Thursday, September 11, 2003

Smackdown! again offered us a very entertaining show, albeit a truncated one thanks to cutting half an hour for the premiere of The Mullets (which didn't improve from the dumb promos for me. I gave up on it after the opening).


The only big negative for the show is one becoming a broken record: too much McMahons. Other than that the parking lot brawl lived up to expectations, as did the Rhyno / Chris Benoit match, even the opening cruiserweight tag match (although I wouldn't have complained if it was longer).

Monday, September 08, 2003

I missed all the time between SummerSlam and now, as well as a show or two. Last week I was in Toronto for the 61st annual World Science Fiction convention, so wrestling was a whole other thing far from my mind. The result will be yet another long post from me on a week's worth of shows:

* RAW offered a lot of poorly chosen stuff in my mind.

First, we now have both Coach and Al Snow as heel commentators on Heat. I guess it helps to make the show a bit different from RAW, but I guess we'll have to wait and see.

Then it leads to a non-wrestler vs. other non-wrestler match at Unforgiven: Coach vs. Jim Ross. Gee, can you hear the buy rates soaring? Neither can I.

Then, that attrocious Shane-Kane skit. The less said about it, the better.

The show did have some good stuff though: on the plus side, they seamed speeches and promos into matches well. The final 6-man match was pretty good as well. So was the Christian-Jericho IC title match.

The only thing I'm worried about: Goldberg is finally building up as a monster in the WWE, devastating Evolution. I'm hoping this (and the whole win-or-retire angle) aren't building up to him losing to Cripple-H. If H wins this one, I think RAW will see a major fan backlash.

* Over on Smackdown! we saw a fantastic Cruiserweight match between Rey Mysterio Jr. and Tajiri, an excellent tag title match, another case of A-Train not managing to suck all the pleasure out of a Chris Benoit bout, and some fantastic story work between Eddie Guerrero and John Cena.

It wasn't all good, granted. Brock Lesner seemed to over-act his final bit to me.

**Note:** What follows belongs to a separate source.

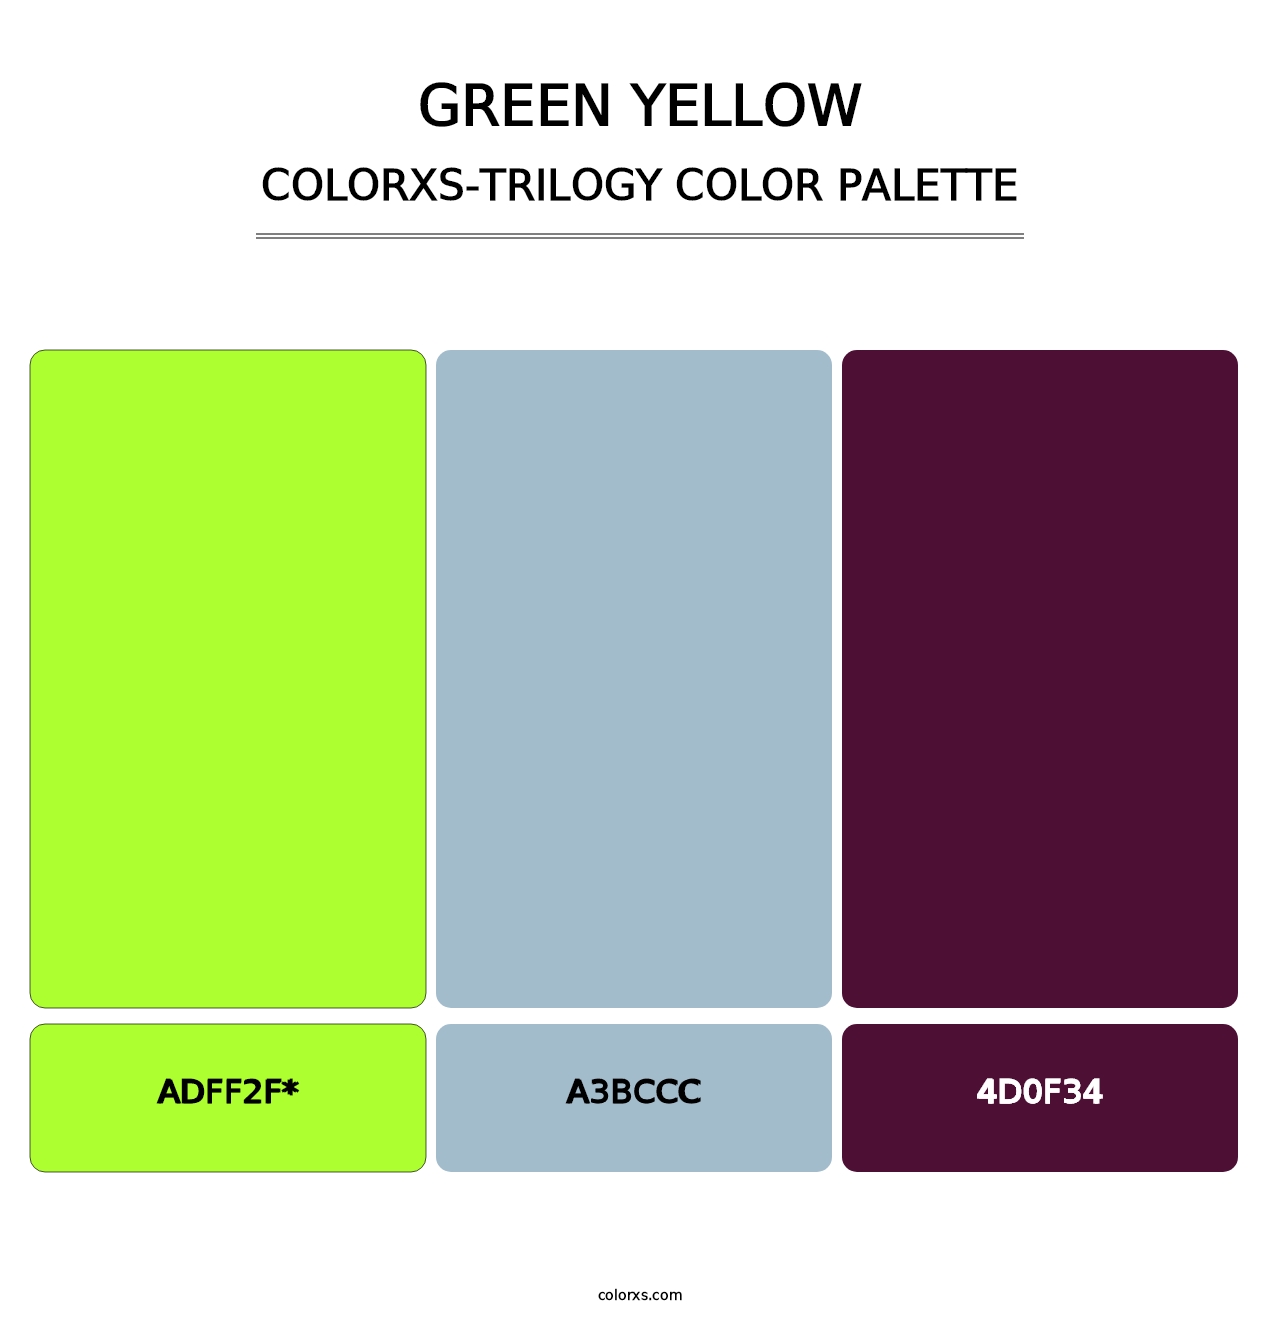 Green Yellow - Colorxs Trilogy Palette

Tajiri turning heel was expected. The fed finally gave up on Eddie being the heel (the fans wouldn't go with it), so his opponent had to. Besides, as many people have said: Tajiri has always worked better as one.

* Sadly, I think Ultimo Dragon has been permanently demoted to Velocity - at least for now. I don't know about you readers, but seeing him teamed with Jobber-to-the-Stars (and A-Train) Funaki offended me.

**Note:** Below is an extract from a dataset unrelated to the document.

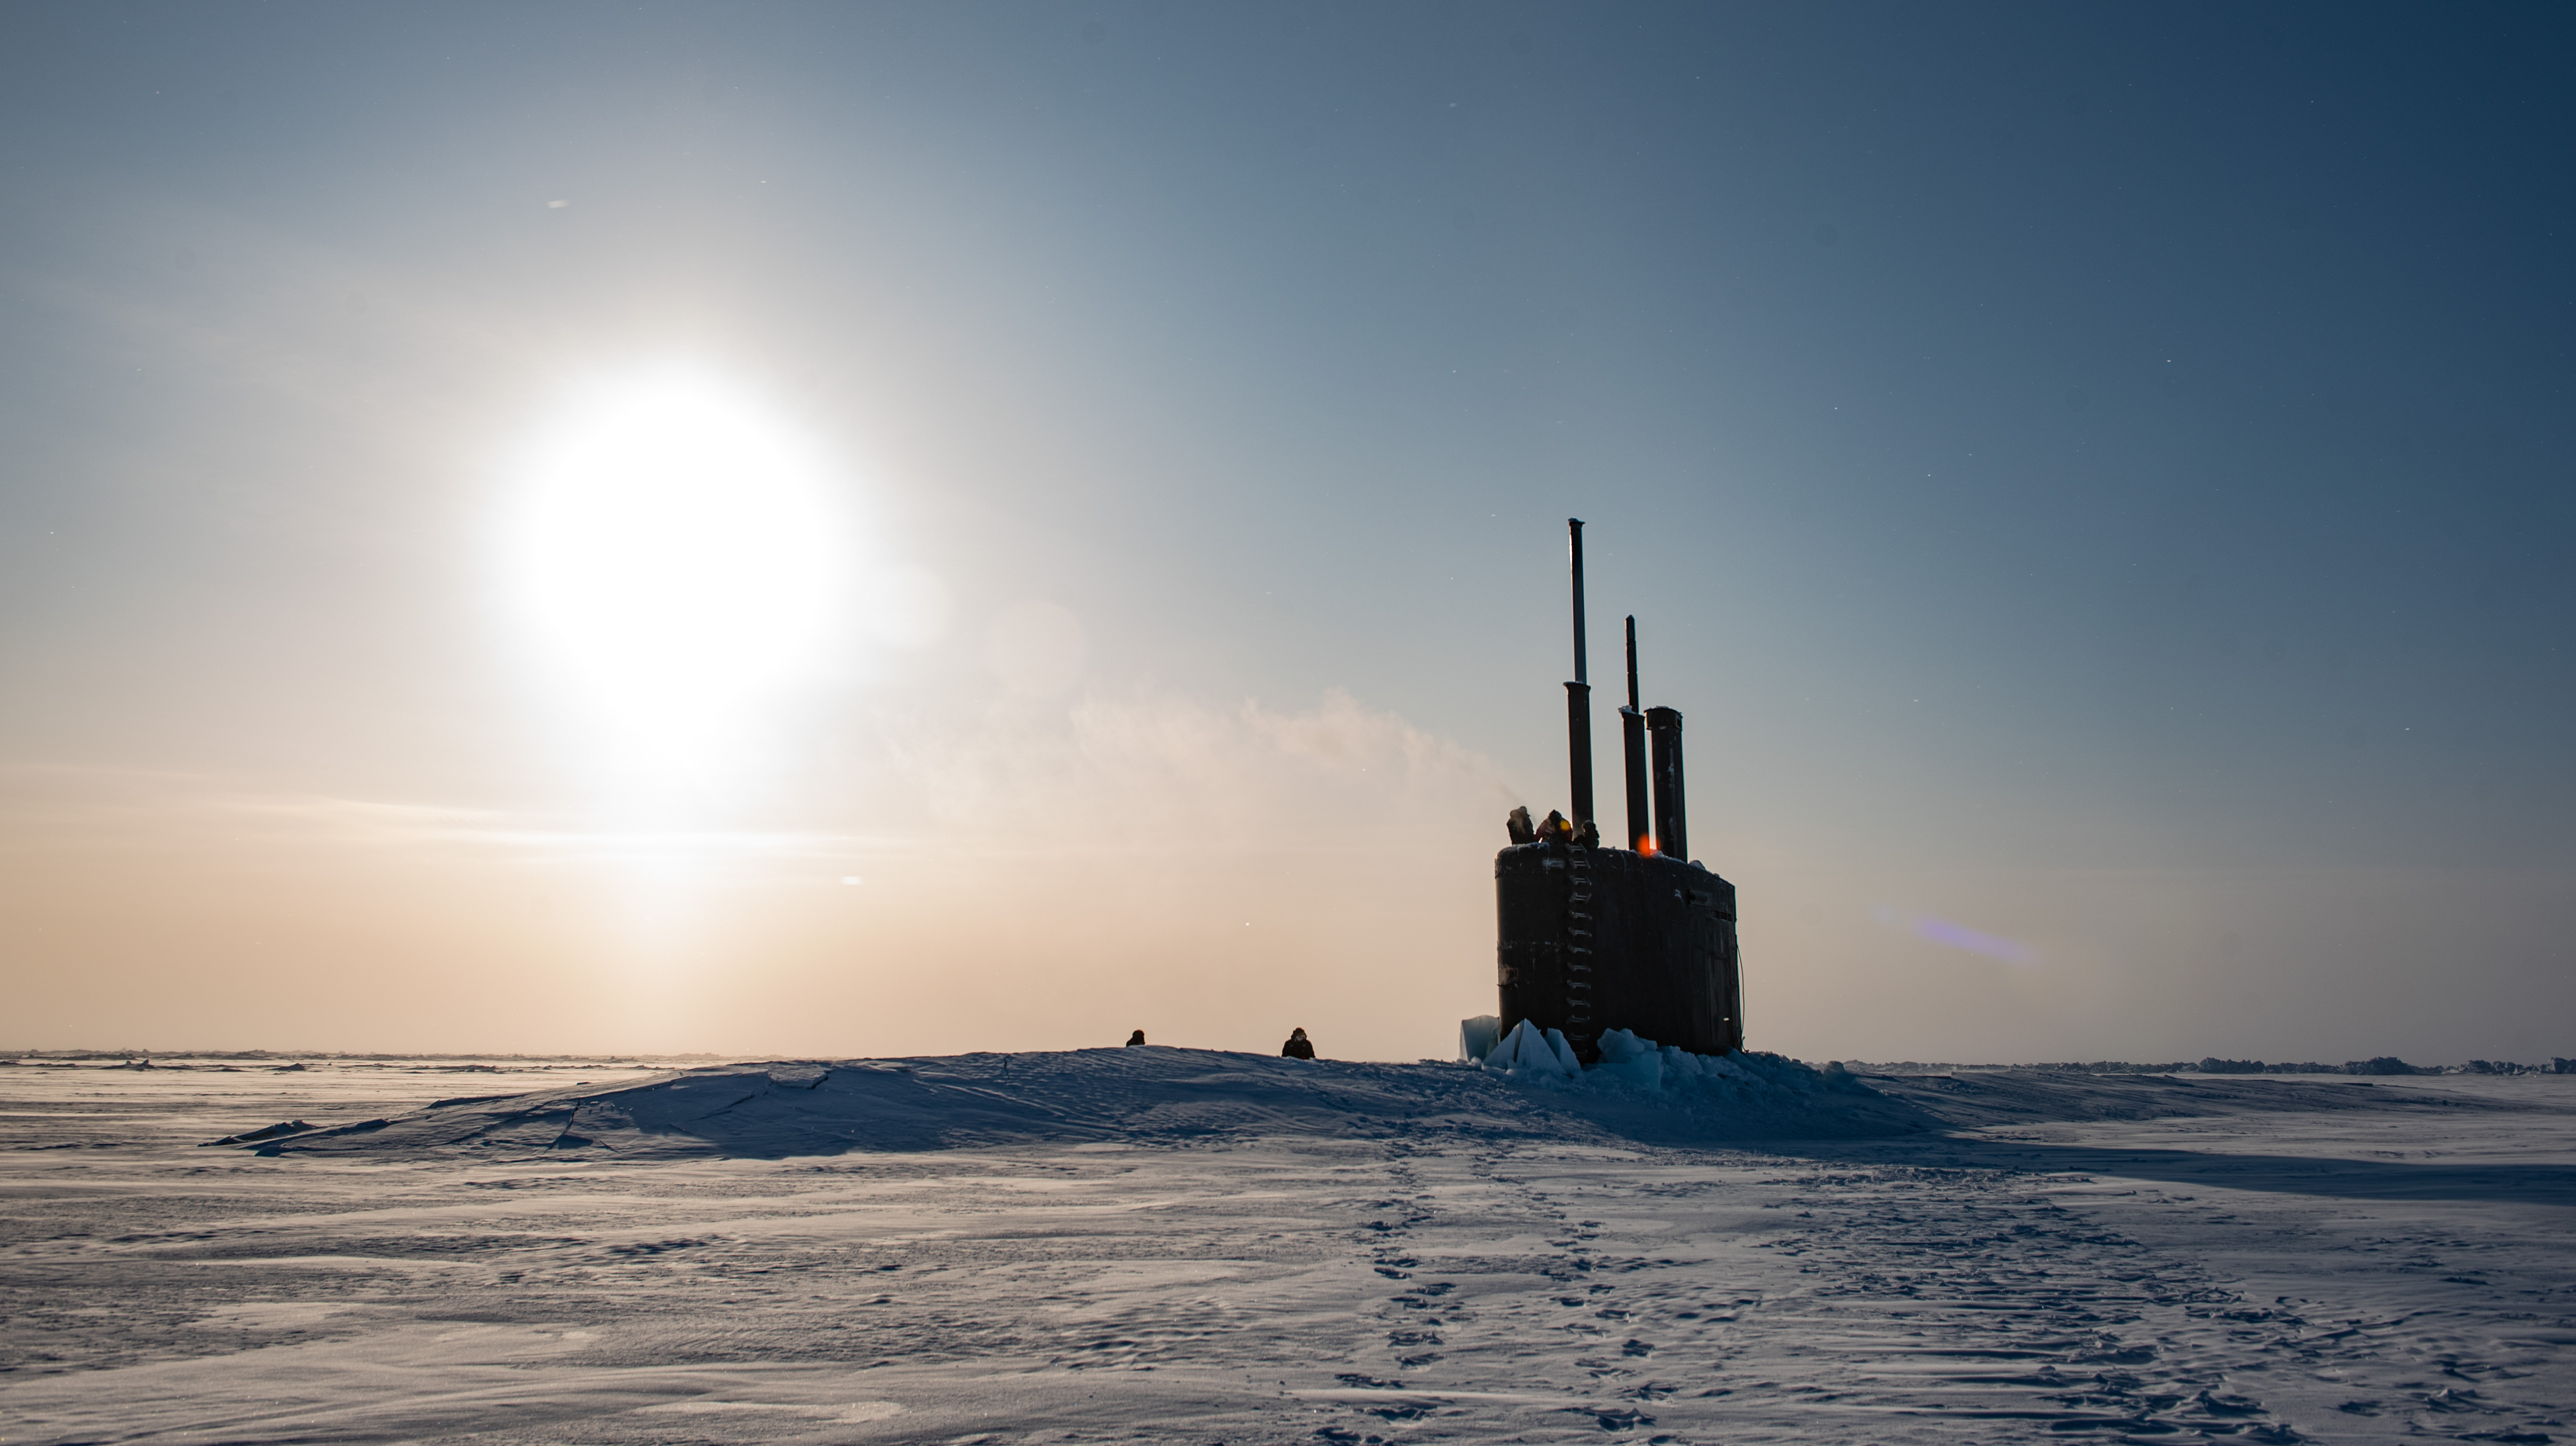 Подъем на поверхность в ледяных полях Арктики американской многоцелевой атомной подводной лодки USS Toledo (SSN 769), типа  Los Angeles, в рамках учения ICEX 2020, фото сделано 5 марта 2020 года в Северном Ледовитом океане

Also: this is the second week in a row for Cat not to be an announcer. Tazz made a throw-away comment, but was he fired?

* Jimmy Yang as a jobber on the RAW brand side (on Heat) just seemed wrong. I wouldn't be surprised if he ultimately ends up in the Cruiserweight division on SD!.

The show also proved: as faces or heels, Coach and Snow don't make Heat any more interesting.